Tabel 3: Belangrijkste maatregelen in het projectgebied
Tabel 4: Overige maatregelen in het projectgebied
Door de geplande maatregelen ontstaat een robuuster watersysteem dat pieken in de afvoer beter kan verwerken. We kunnen echter niet voorkomen dat toch her en der wateroverlast blijft optreden. Dit is in het gebied besproken met de eigenaren, de wateroverlast bij hevige neerslag wordt wel herkend maar niet als overlast ervaren. Meestal is de overstroming met een dag weer verdwenen door het hellende karakter van het gebied.
Wijzigingen peilen per peilvak
Op basis van de algemene hoogtekaart Nederland (AHN) zijn de huidige MIN/MAX peilen voor het dagelijkse peilbeheer na 25 jaar opnieuw geanalyseerd. De nieuwe bandbreedte van de MIN/MAX-peil instellingen wordt door de beheerder gebruikt om afhankelijk van neerslag, verdamping en bodemvochtvoorraad de juiste waterpeilen per peilvak aan te bieden behorende bij de gebruiksfunctie van het gebied. De volgende peilvakherzieningen zijn gepland, de peilen staan ook vermeld op de overzichtskaart in bijlage A .
** Overige peilvakken MV130 / MV134 / MV136 / MV120 / MV124 / MV171 en MV112 (telemetrie) geen max/min peil wijzigingen
Vanuit het landelijke gebied wordt de T10 neerslag-afvoergolf gedeeltelijk opgevangen in de berging langs de Domeinweg. Een deel van die T10 afvoergolf blijft boven normatief achter in diverse peilvakken. In die specifieke gevallen voorziet het plan in normaanpassing (aanpassing maaiveldcriterium) van deze T10 situatie.
De hydrologische modellering geeft per peilvak de volgende resultaten:
Van de in totaal 17 peilvakken voldoen er in de nieuwe situatie 11 niet aan de NBW-norm (max. 5% inundatie bij grasland).
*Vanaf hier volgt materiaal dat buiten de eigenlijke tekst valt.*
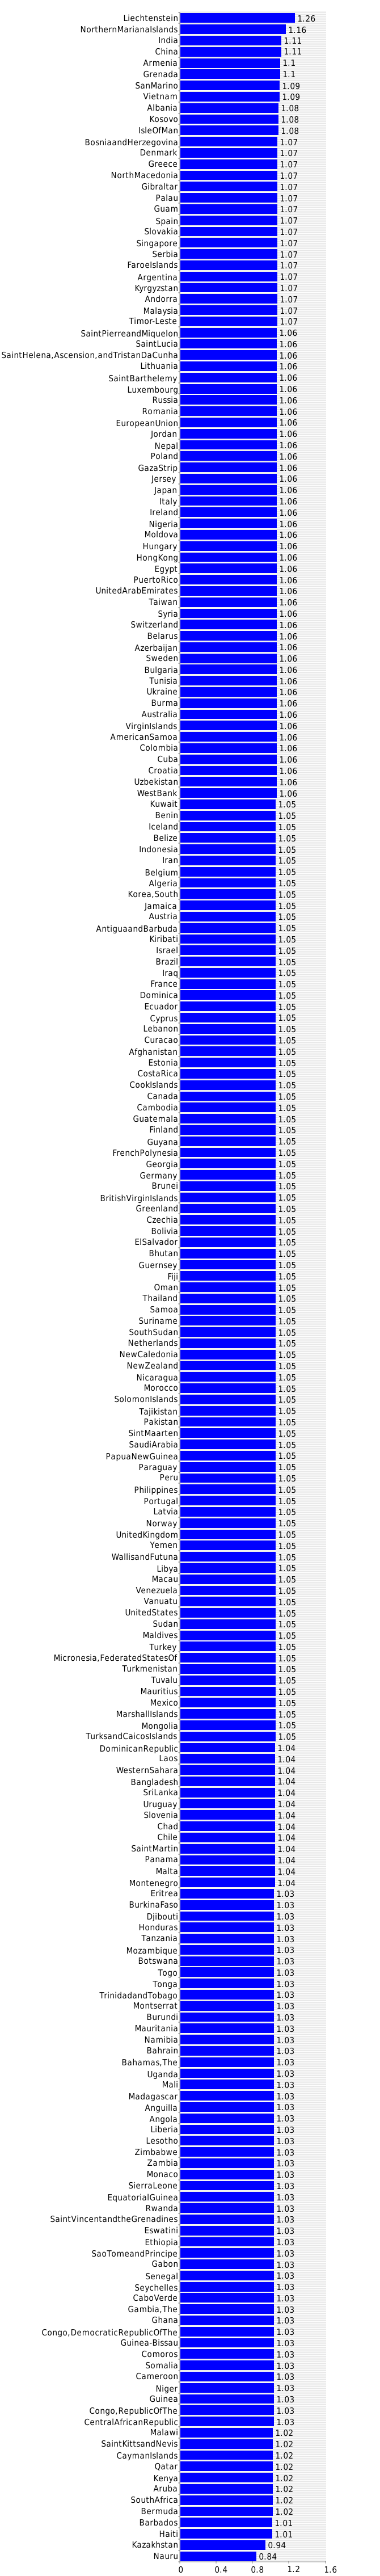 Graph Of Sex Ratio At Birth Malesfemale 2020 Country Comparisons 7689
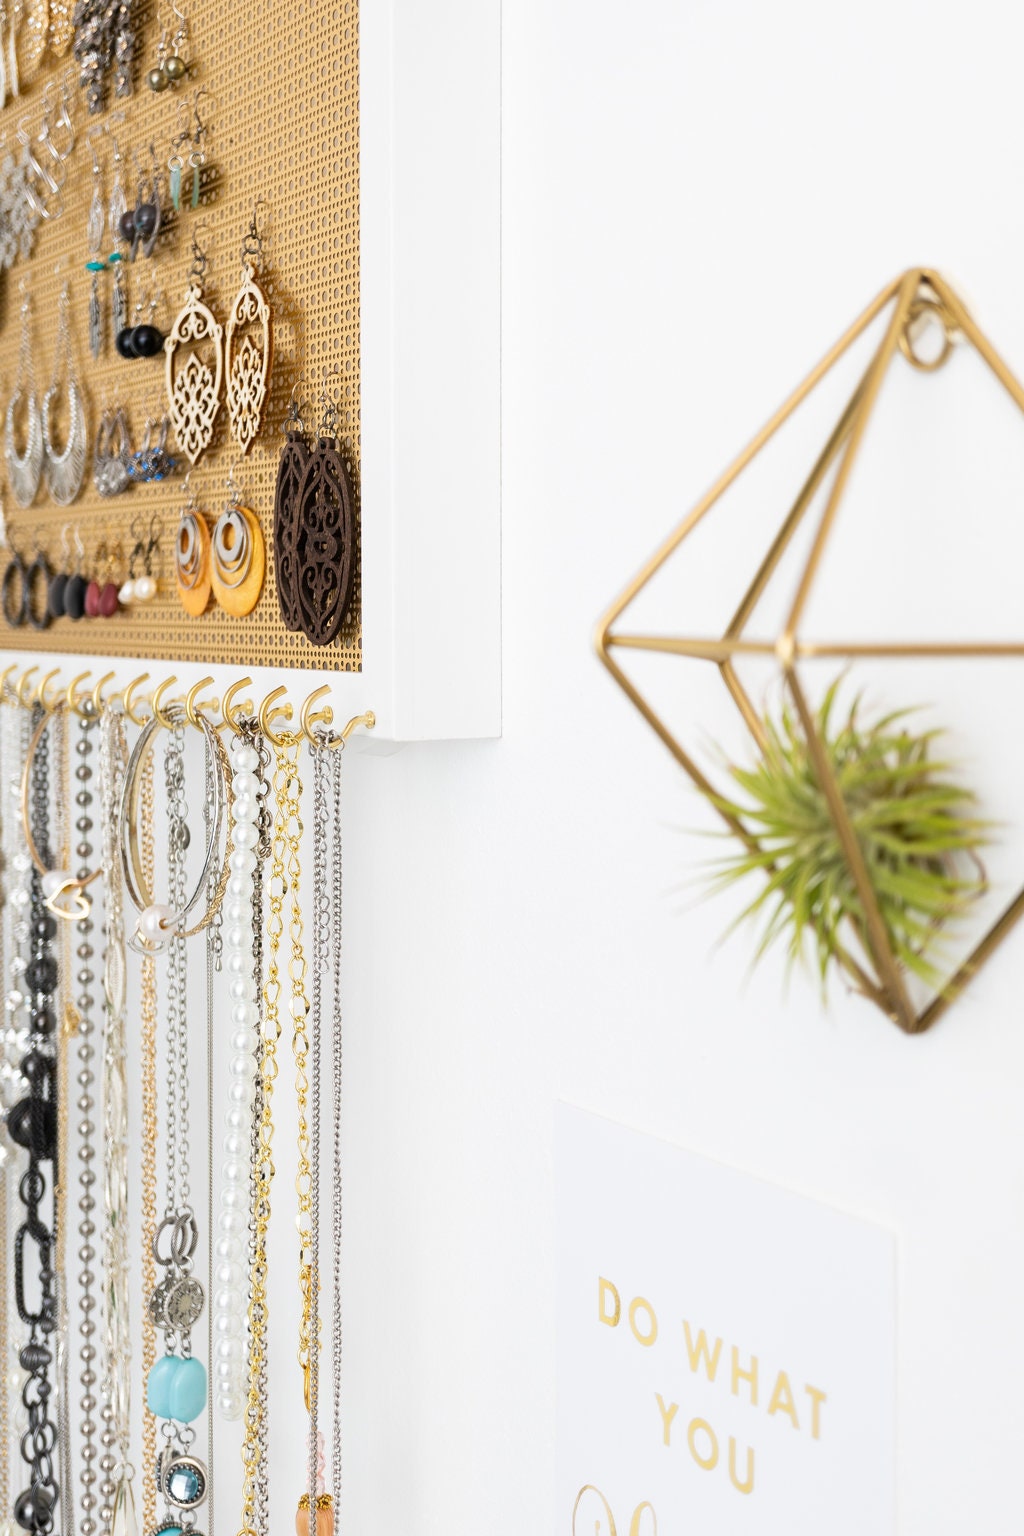 25 Creative DIY Wall Jewelry Organizers To Inspire You

Bij de provincie Drenthe wordt hiervoor een normaanpassing aangevraagd.
We wentelen in de T100 situatie tijdelijk water af naar lagergelegen gebieden, met name richting het stedelijke gebied Hoogeveen. Met het Projectplan Domeinweg wentelen we tijdelijk extra water af naar lagergelegen gebieden. Bestuurlijke partners hebben eerder aangegeven dat het niet de voorkeur geniet om water af te wentelen. Dat gaan we nu tijdelijk wel doen. Het lagergelegen gebied biedt ruimte om deze afwenteling op te vangen, waardoor de afwenteling teniet wordt gedaan. Over enkele jaren, gepland kunnen we deze afwenteling compenseren binnen geprogrammeerde projecten rondom het Oude Diep waarin we samenwerken met de provincie Drenthe (onder andere de projecten KRW-stadsrand Hoogeveen, Roode Brand en Zuidmaten). In totaal wordt met project Domeinweg circa 10.000m3 in de piek afgewenteld.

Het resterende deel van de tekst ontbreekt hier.